- 437 Okunma
- 0 Yorum
- 1 Beğeni
Belki de yanılıyorum..
“Sana bunu nasıl söylerim bilmiyorum. Benden hep uzaksın. Bana yakın ol, elimi tut demiyorum. Ben sadece. Biliyorsun işte! Yine yalnızım. Bir kış günü yağmurun altında, darmadağınım. Bir eylül günü, ilkbaharın ardında tedirginim. Bir düşüncenin içinde, kayboluyorum. Seni görmenin mutluluğunu içimdeki özlemle ödüyorum. Sonra insanlar o özlemi alıyorlar, kullanıyorlar, geri kalanıyla bana hüzün yolluyorlar.

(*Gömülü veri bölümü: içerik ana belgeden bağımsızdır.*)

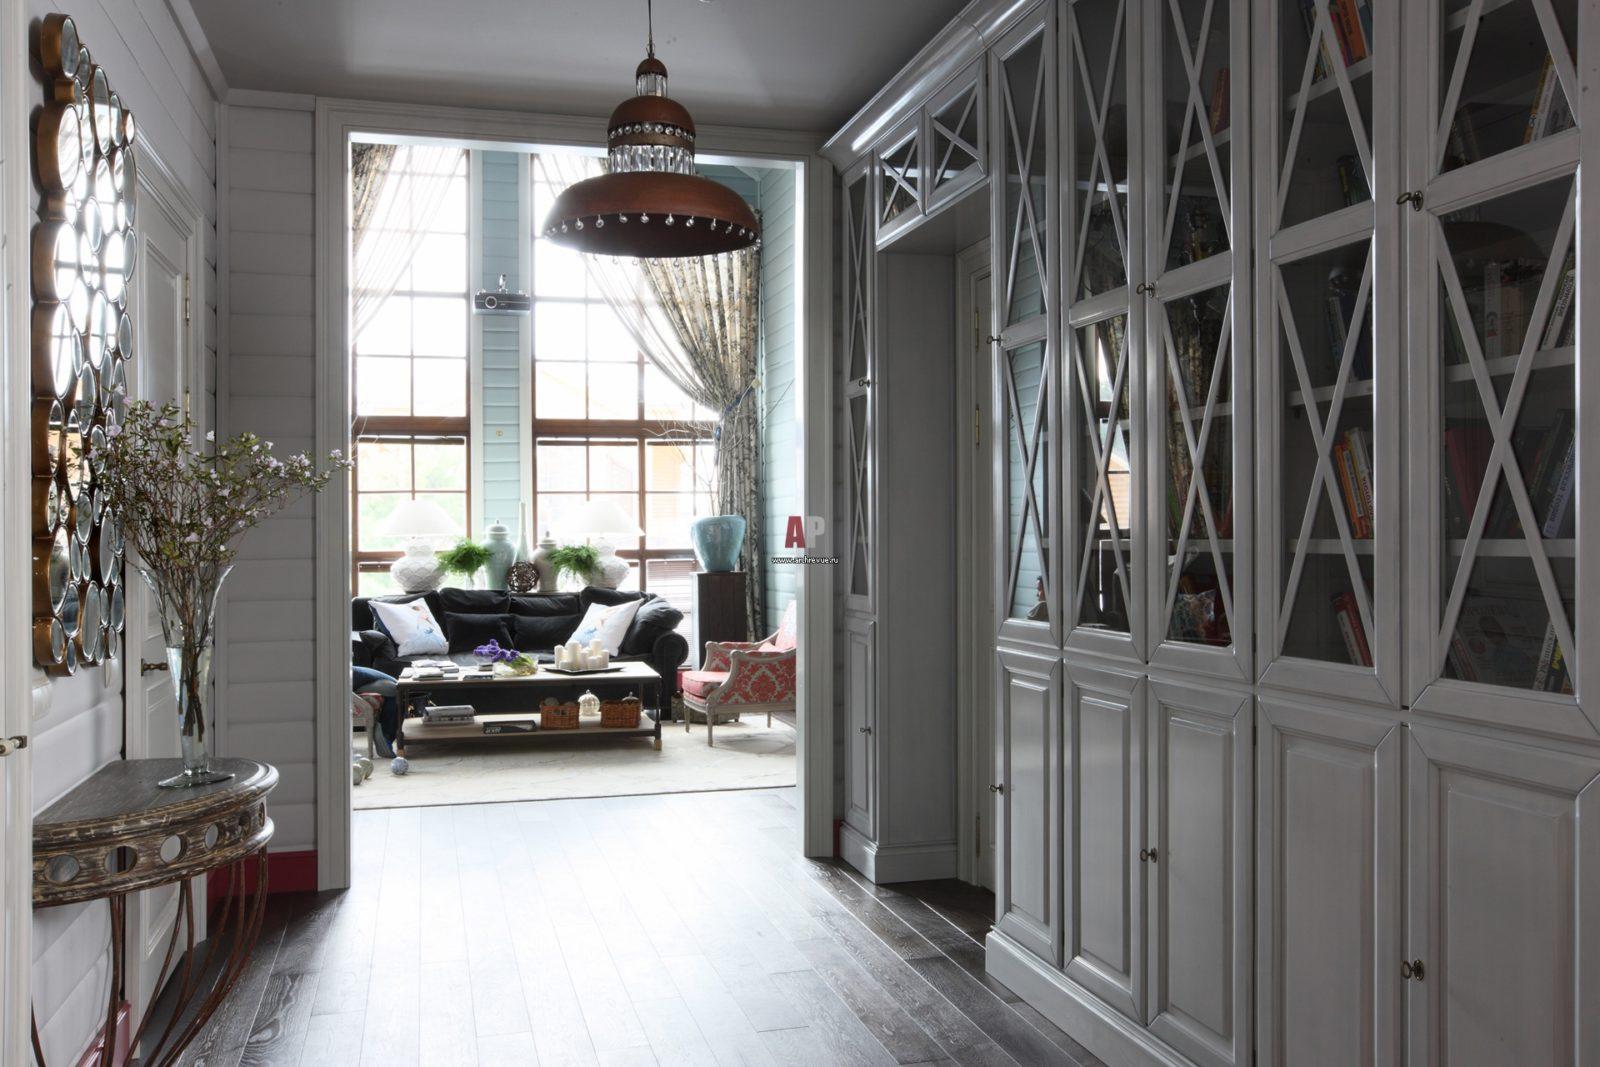 Дом в стиле кантри.Дизайн в стиле кантри.Спальня.Комната.Кухня.Фото и описание.
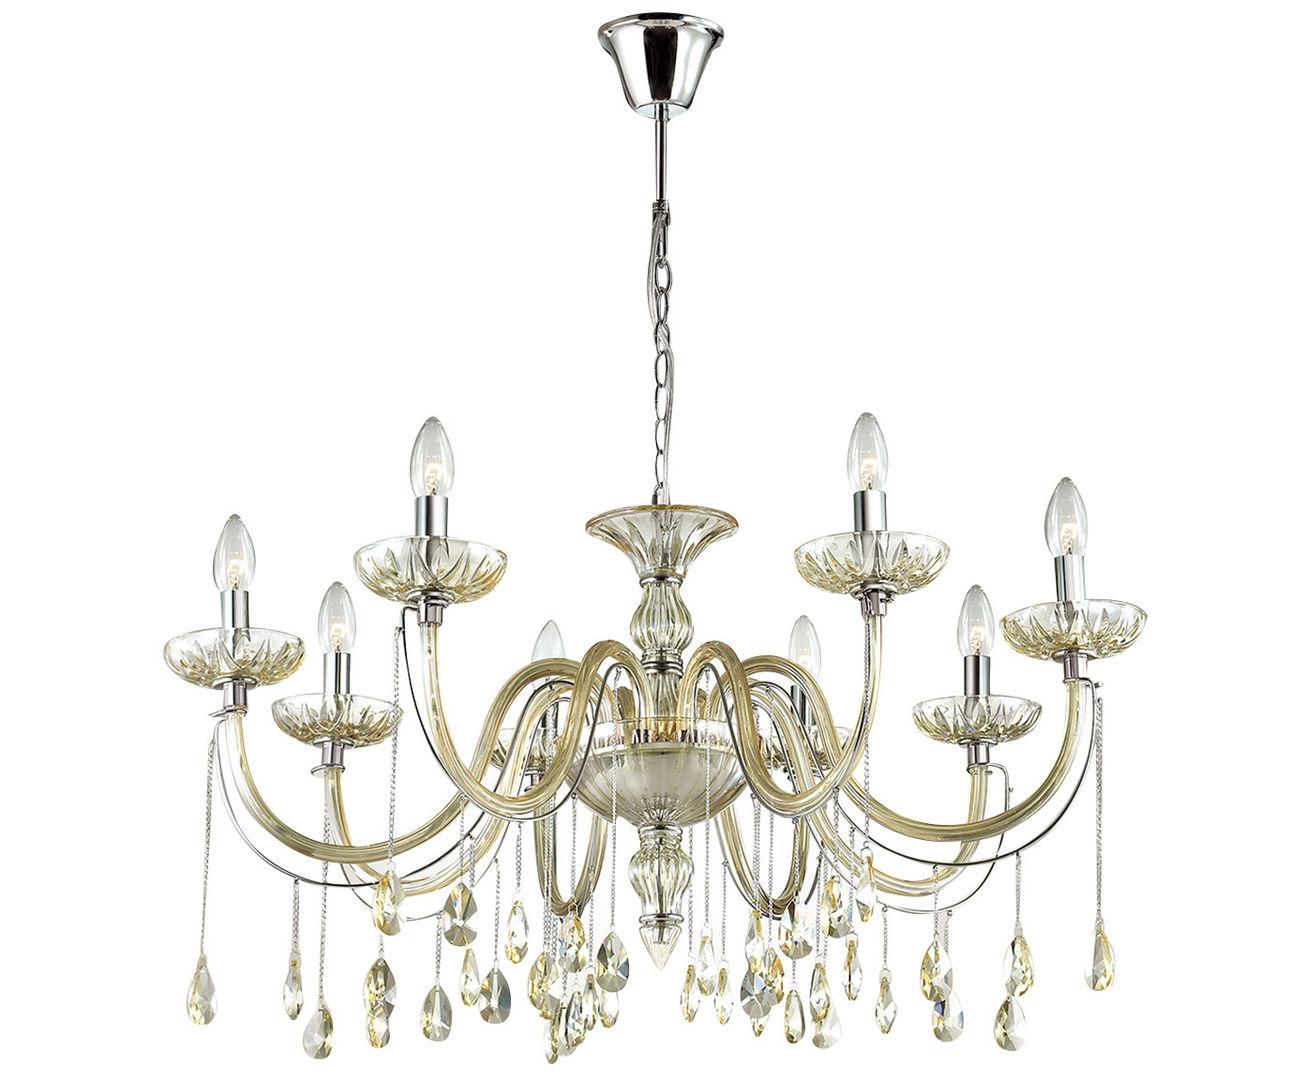 Люстра, Odeon Light, 22 550 руб., (800) 333-3699

Biliyor musun? Üstündeki kırmızı elbise sana çok yakışıyor. Önce görmezden geliyorum. Sonra derin derin bakıyorum. Burnun mu uzamış ne? İlk gördüğümde tanıyamıyorum. Bir kış günü yağmura kapılmıştık seninle, gökyüzündeki yıldızın kaymasını beklerken üşümüştük. O gün hayattaki en büyük, en saf hatayı yapmıştık. Belki bilmiyorsun ama kış günü hiçbir yıldız kaymazmış sevgili. Onlarda insanlar gibi yağmurun yağmasını izlermiş ve en kötüsü onlarda ıslanırmış. Yıldızlar kış günü kaymaz intihar edermiş. Sen o günü unuttun mu? Hani bulutlar sana hasret kalmıştı, yağmurlar sana olan özlemi anlatmıştı. Gitarım bizim şarkımızı söylemek için saygı duruşuna geçmişti. Hayallerin bu günün resmini çizmen için duygularına haber salmıştı. Güneşi çizecektin, gecenin en kuytu yerinde, karanlığın derinliklerinde. Yıldızları çizecektin, sabahın ilk saatlerinde. Zamanın hızını çizecektin, sadece ikimiz görebilecektik. Zaman hızla akacaktı, insanlar bunun ne olduğunu anlamayacaktı. Cesaret edemedin değil mi? Ben bu aralar çok yalnızım. Sana söyleyemiyorum… Dudaklarım kanıyor, dilim tutuluyor…
Yutkunamıyorum…
Belki de yanılıyorum…
Büyüdüğümde yeşersin diye beslediğim umutlarım, o ağacın kökünü en sevdiğim arkadaşımın ellerinde buluyorum…”
YORUMLAR
Henüz yorum yapılmamış.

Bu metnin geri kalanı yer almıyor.